I’m not hiding behind my trauma – I’ve written about it extensively. My experiences with postpartum depression and PTSD, then the pandemic in all of its mayhem – and ultimately getting Covid and the strange heath issues that followed – were enough to cause the flare up.

I returned to my doctor to try a new topical ointment to heal the inflammation while utilizing other therapeutic resources.

I also decided to do some much needed work on myself, digging deep into my trauma, my pain and inner turmoil, my fears and anxiety, and flipped the script to seek out opportunities to bring joy to my life, doing things just for me for no other reason than to fill up my own cup.

I took a remarkable figure drawing class at the local cultural center at the beginning of the year. That sparked a practice of using time with my toddler to dig deeper into art therapy.

I also picked up some great books. I started a tiny book club with a couple of friends to feed my love of reading. It also promised connection with other women, something that I had neglected once I became a mother.

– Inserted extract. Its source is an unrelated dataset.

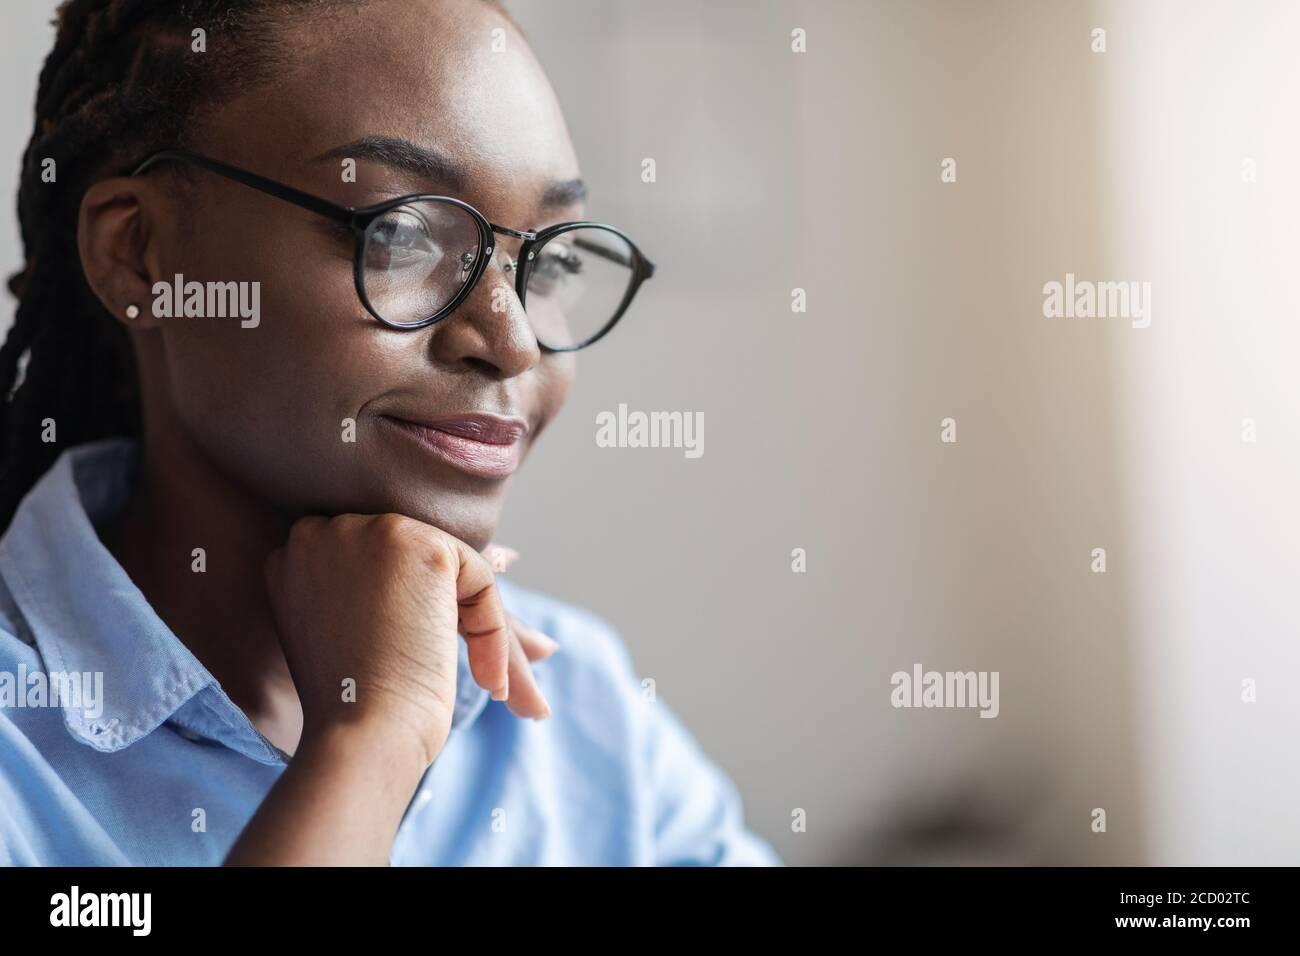 Nahaufnahme Porträt der nachdenklichen schwarzen Unternehmerin in Brillen suchen Beiseite Stockfoto

I just didn’t have the energy and mind space to cultivate and nurture friendships.

Most importantly, I made time for writing in my journal and contemplating the metaphysical stuff that fuels my curiosity and awe. I finally hired a personal trainer to help me bring regular movement and fitness back into my life. I think the vitamin D from the summer months also helped. And, we took two separate vacations this summer, which I think proved to be intensely therapeutic. Both trips brought us together with long-distanced family and the new change of scenery helped elevate spirit.

As we get ready for a new harvest to commence, I am not able to take on the work load per previous vintages. My hands, while improved, are still vulnerable and the skin is not completely healed. I don’t know how long flare ups will be a part of my life, so I will need to be proactive and have help in the cellar to carry me through each vintage until my hands can handle the work. But, this condition may also be a signal from the universe telling me it is time to have help carry out my work orders here on out so that I am more hands off. I am open to that in this season of my life as I navigate possibly home schooling our child so we can travel and, ultimately, shift from struggling with the constant attention my business requires from me, along with the stress and anxiety it delivers, and moving towards enjoyment, getting more centered and living my life with more purpose.

I’ve got to hand it to the universe. We are pushed to discomfort in order to grow, to shift, and to move forward on our journey. I am seeing possibilities for my life and new ways of doing things because of this health issue. As painful as it has been, I am grateful for it. It has pushed me to reconsider how I do my work, how I will continue to do my work, how I can change some things, and how I can change the way I work and do business.